Der Kläger beantragt,

das Urteil des Sozialgerichts Dortmund vom 29.01.2007 zu ändern und nach dem erstinstanzlichen Antrag zu erkennen.

Die Beklagte beantragt,

die Berufung zurückzuweisen.

Sie hält die Entscheidung des SG für zutreffend.

Wegen der weiteren Einzelheiten des Sach- und Streitstandes wird Bezug genommen auf den Inhalt der Gerichtsakten und der Verwaltungsakten der Beklagten. Diese Akten waren Gegenstand der mündlichen Verhandlung.

Rechtsweg:

SG Dortmund Urteil vom 29.01.2007 - S 32 AL 26/06

Quelle:

Sozialgerichtsbarkeit BRD

Entscheidungsgründe:

Die zulässige Berufung ist unbegründet.

Das SG hat die Klage zu Recht abgewiesen, weil die Entscheidung der Beklagten rechtmäßig ist. Der Senat geht zunächst mit dem SG davon aus, dass der Kläger im Klageverfahren, wie sich aus seinen ausdrücklich gestellten Anträgen ergibt, ausschließlich eine Förderung der Umschulung zum Hausverwalter und keine andere Maßnahme begehrt. Nur hierüber hat die Beklagte entschieden. Eine andere Fördermaßnahme ist ihm in Form der Integrationsmaßnahme im Übrigen bewilligt worden.

Ein Anspruch des Klägers auf die Förderung der begehrten Umschulung zum Hausverwalter besteht aber unter keinem rechtlichen Gesichtspunkt.

Der Senat folgt nach eigener Überprüfung der Sach- und Rechtslage den Gründen des angefochtenen Urteils, die er für vollständig überzeugend erachtet.

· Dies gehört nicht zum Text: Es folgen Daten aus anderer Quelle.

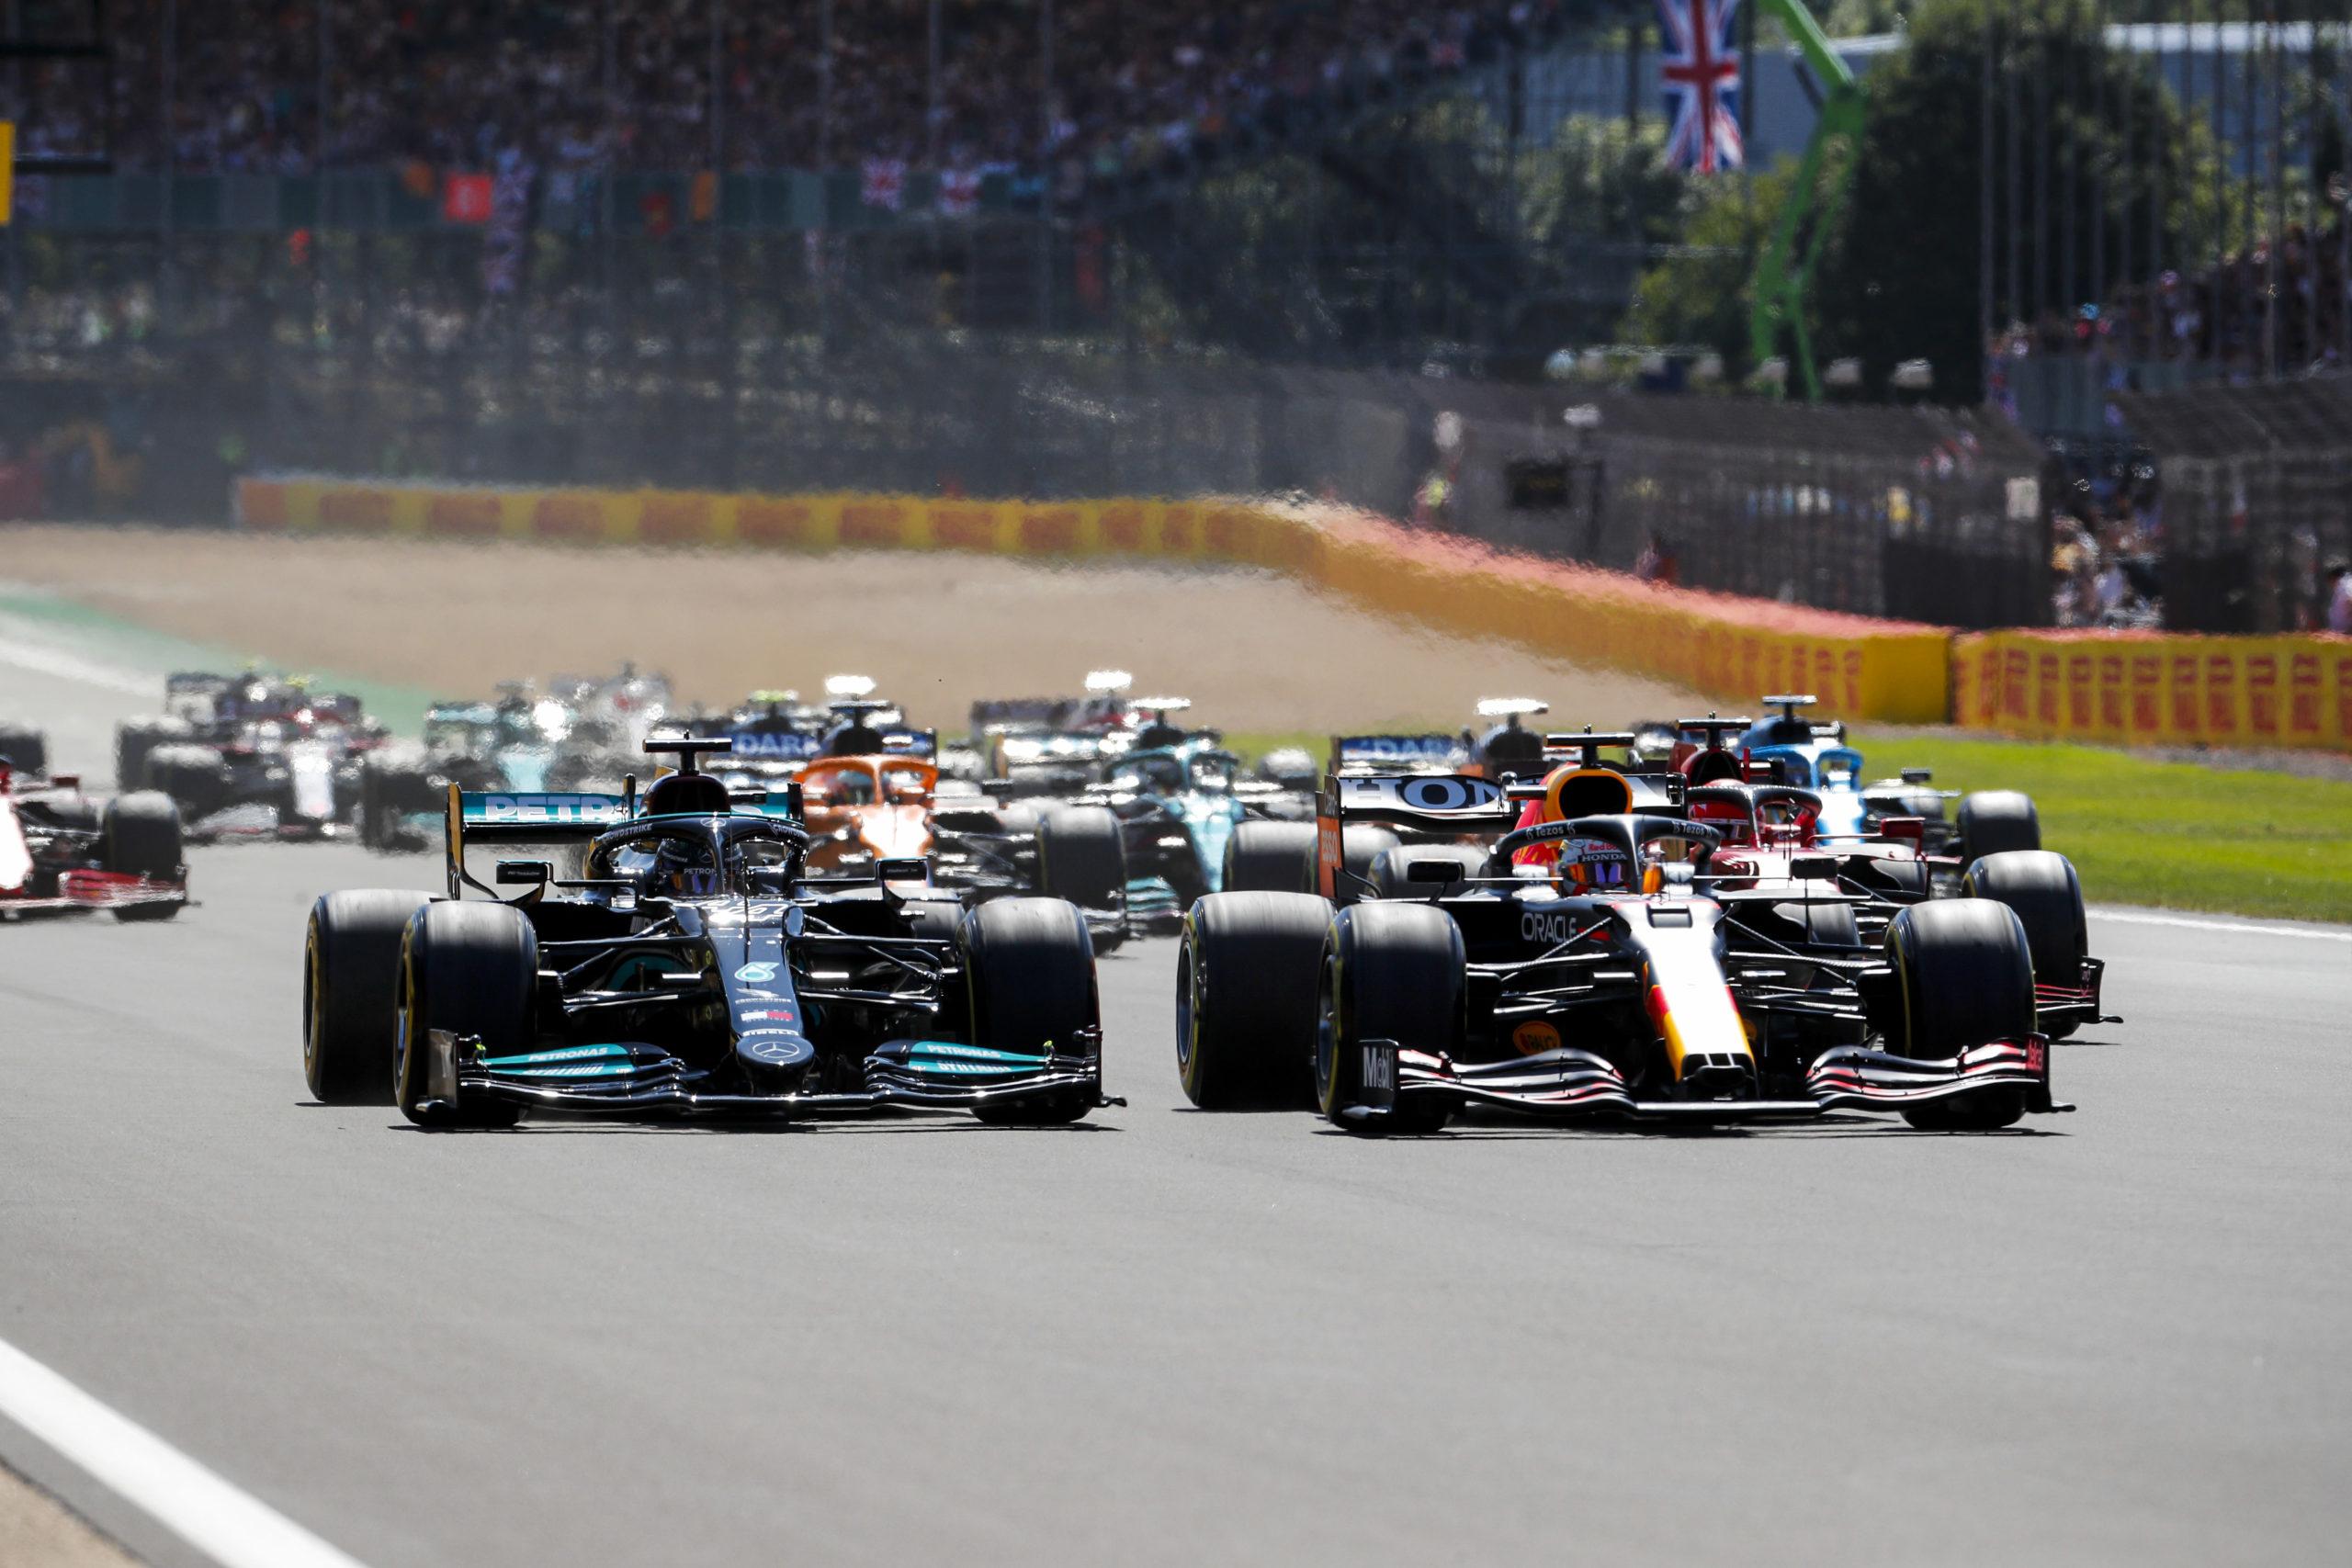 2021 British Grand Prix, Sunday - LAT Images, Lewis Hamilton, Max Verstappen

Gem. § 153 Abs. 2 Sozialgerichtsgesetz (SGG) wird insoweit von einer weiteren Darstellung der Entscheidungsgründe abgesehen. Diese Beurteilung des SG wird zusätzlich gestützt durch den Abschlussbericht der D GmbH, in dem nachvollziehbar dargelegt ist, dass die Fixierung des Klägers auf eine Umschulung Integrationsbemühungen sogar erschwert.

Zweifel an der Zuständigkeit der Beklagten im Hinblick auf den Leistungsbezug des Klägers nach dem Zweiten Buch Sozialgesetzbuch (SGB II) durch eine Optionskommune können vor diesem Hintergrund dahingestellt bleiben.

Die Kostenentscheidung folgt aus den §§ 183, 193 SGG.

Die Revision wird nicht zugelassen, weil die Voraussetzungen des § 160 Abs. 2 Nrn. 1 oder 2 SGG nicht vorliegen.